Below, find the line containing "Cute Pusheen Coloring" and the line containing "Frequency histogram showing"; reproduce exactly those two and every line between them, omitting pictures.

Provided information ::
++++++++++

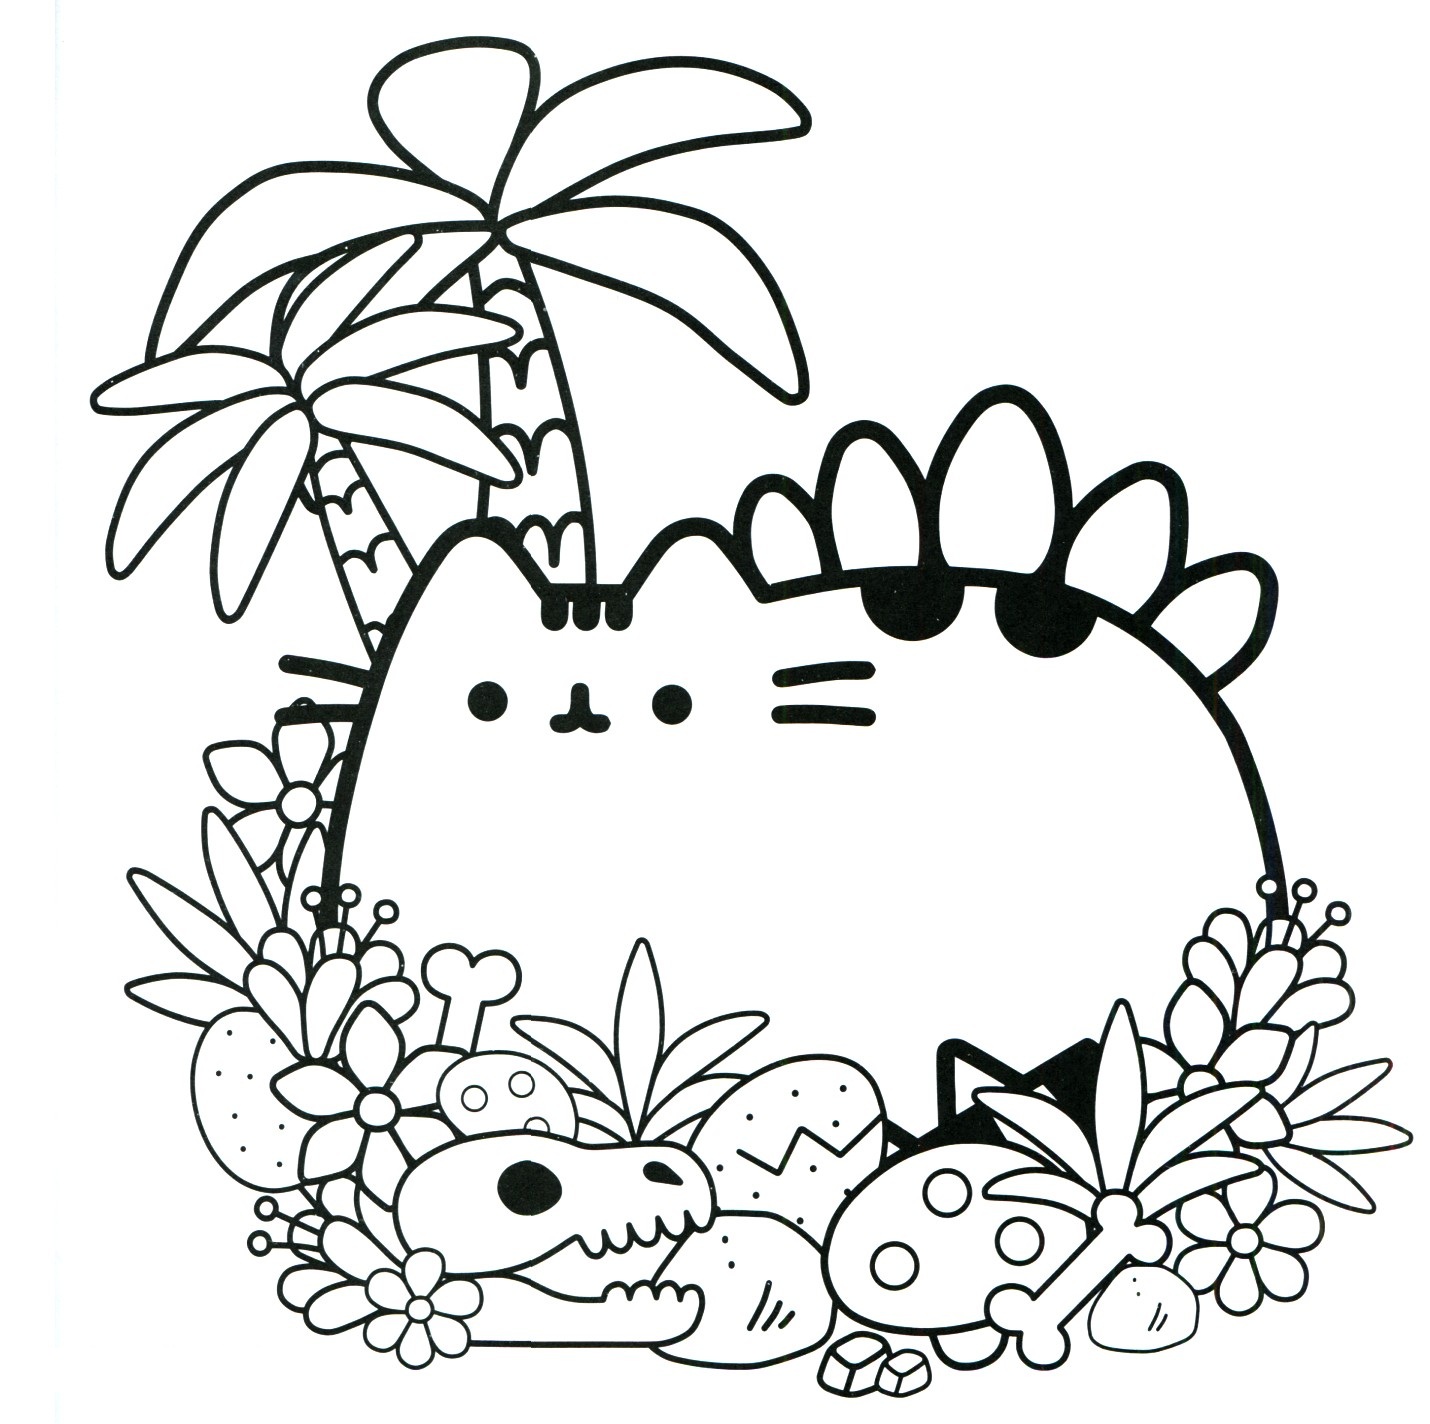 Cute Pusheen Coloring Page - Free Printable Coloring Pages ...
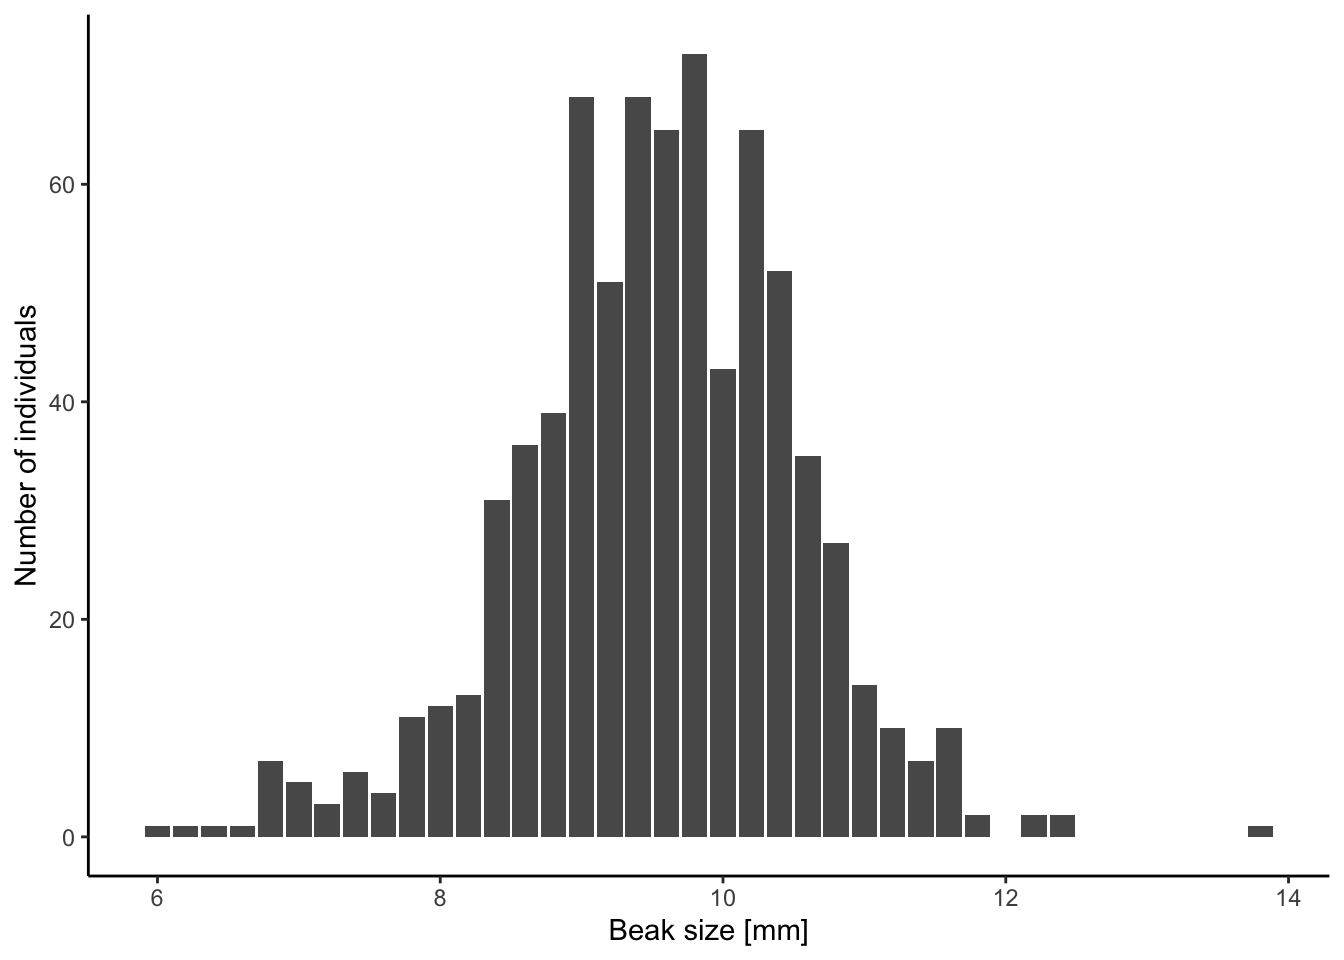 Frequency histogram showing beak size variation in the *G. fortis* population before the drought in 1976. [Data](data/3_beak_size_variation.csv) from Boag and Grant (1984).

++++++++++

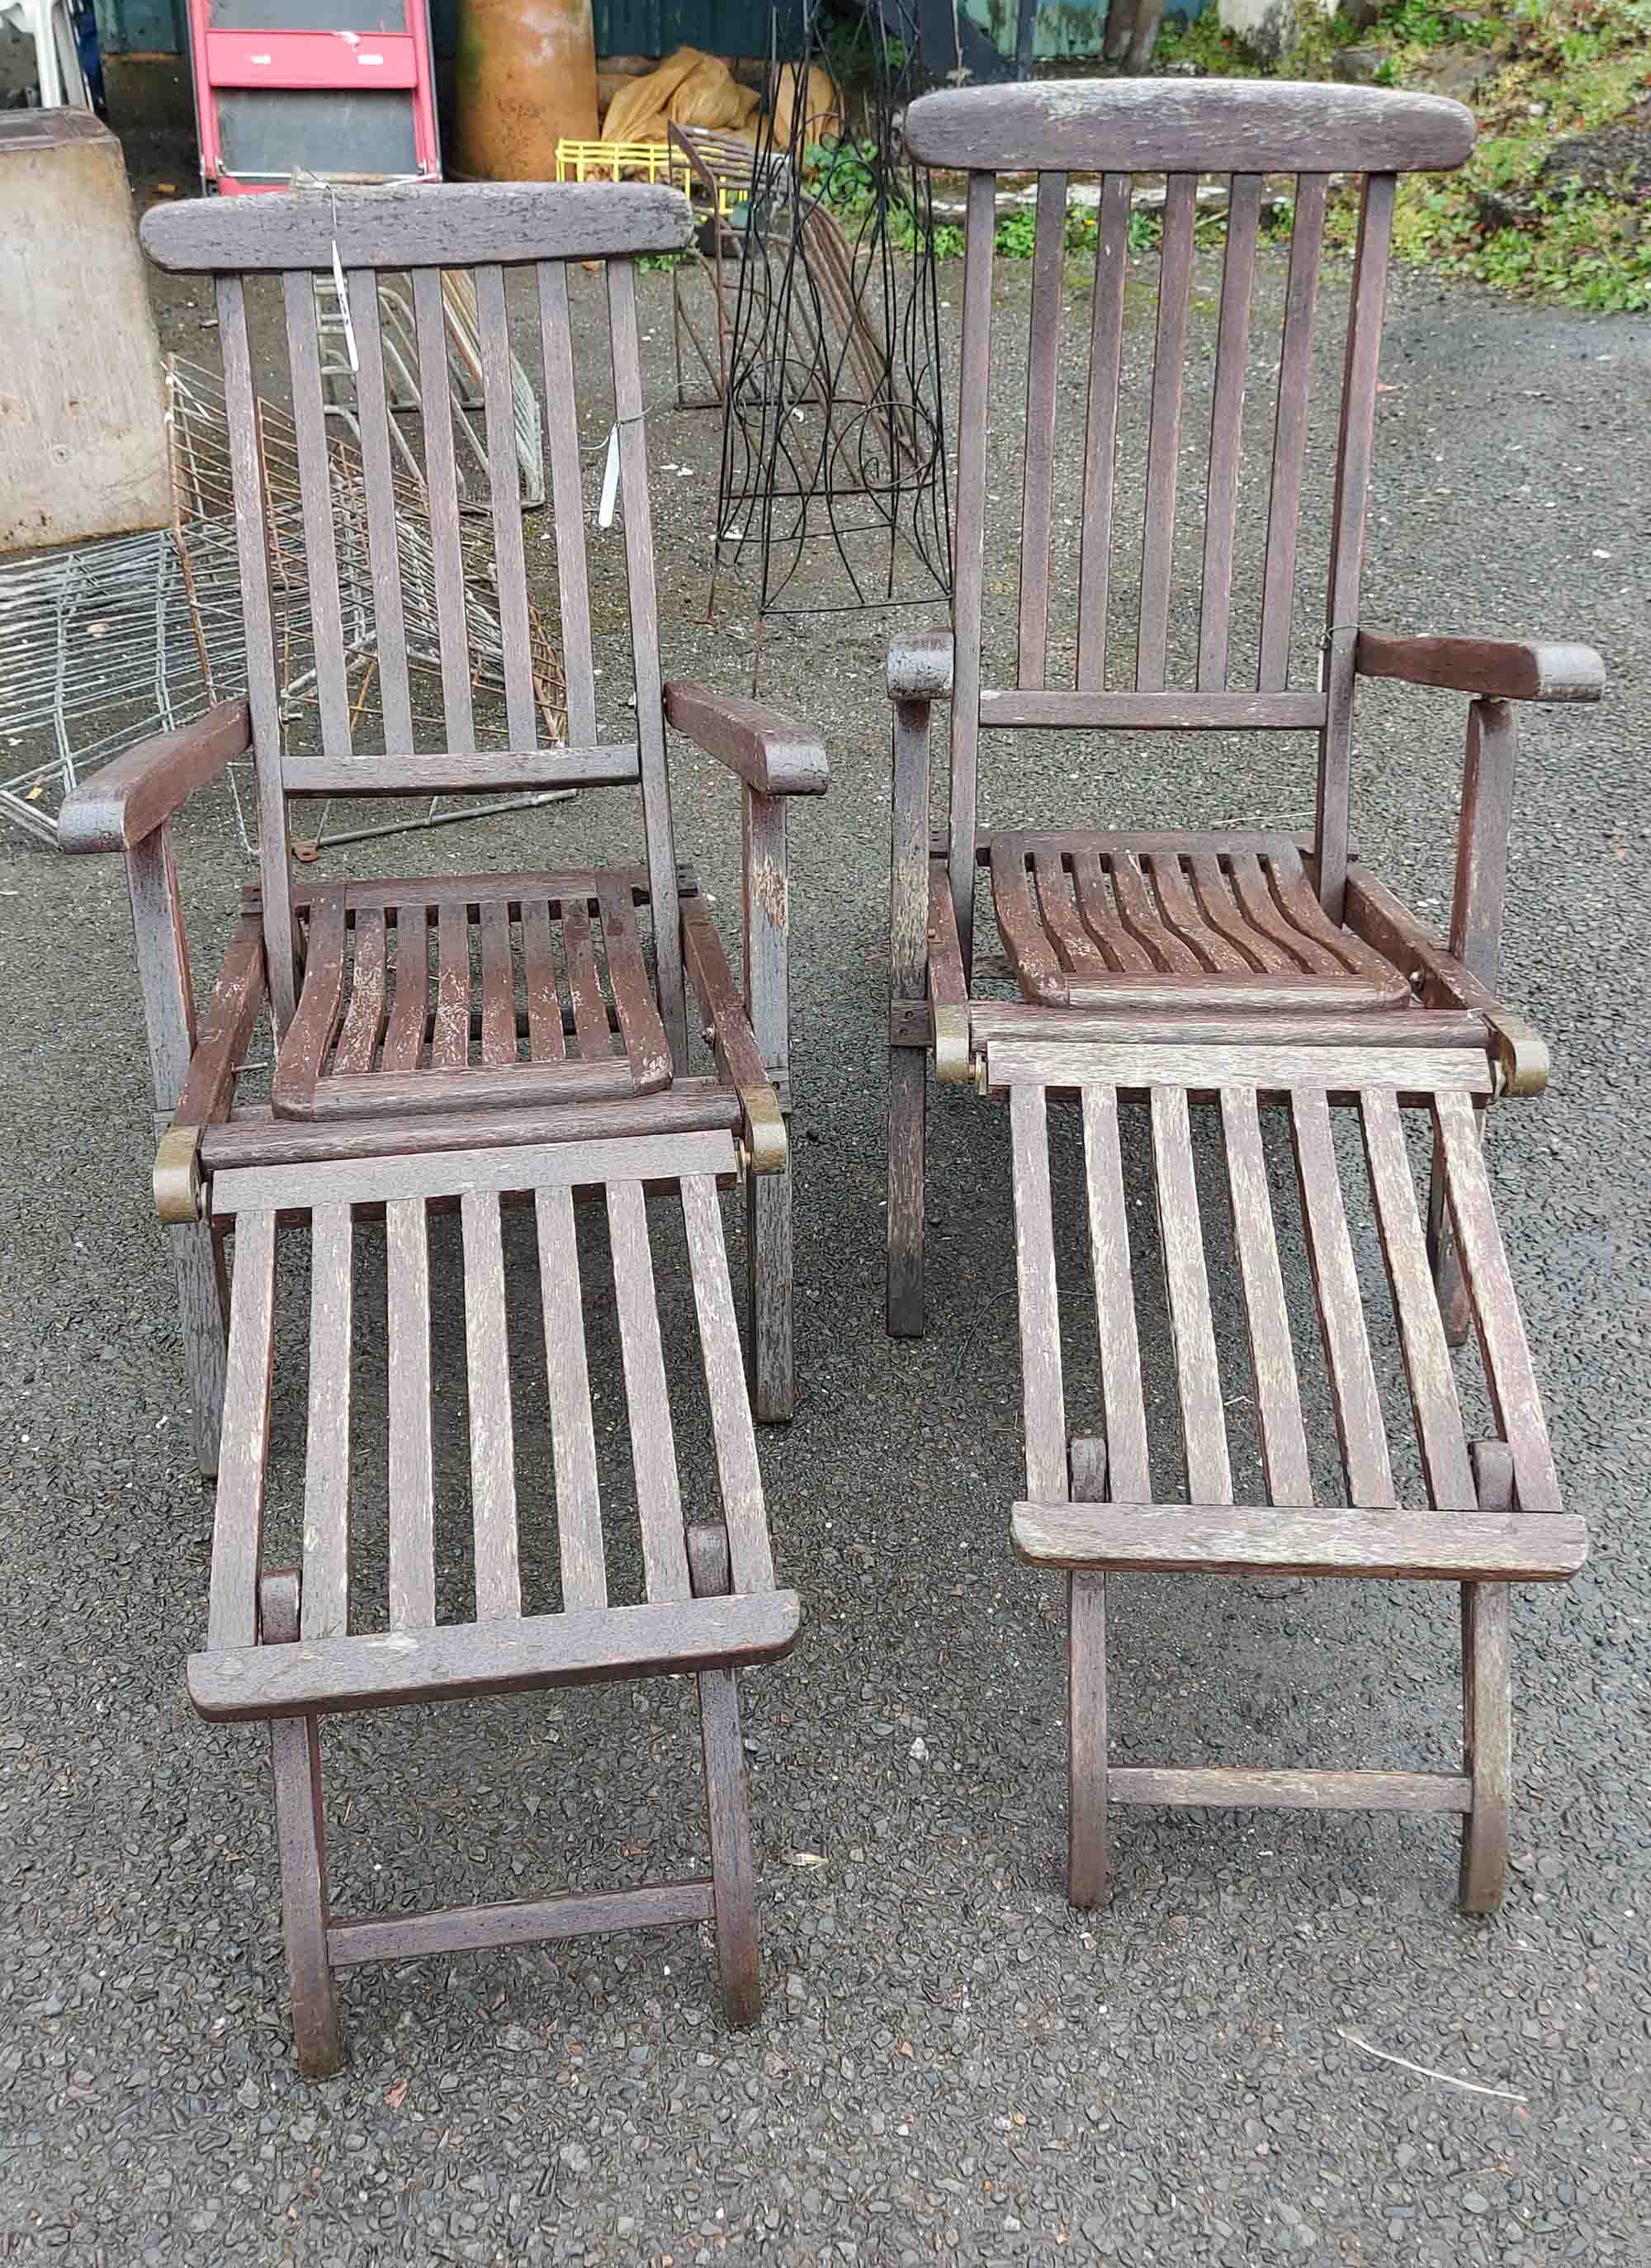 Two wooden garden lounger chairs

++++++++++

Solved exercise ::
 Cute Pusheen Coloring Page - Free Printable Coloring Pages ...
 Frequency histogram showing beak size variation in the *G. fortis* population before the drought in 1976. [Data](data/3_beak_size_variation.csv) from Boag and Grant (1984).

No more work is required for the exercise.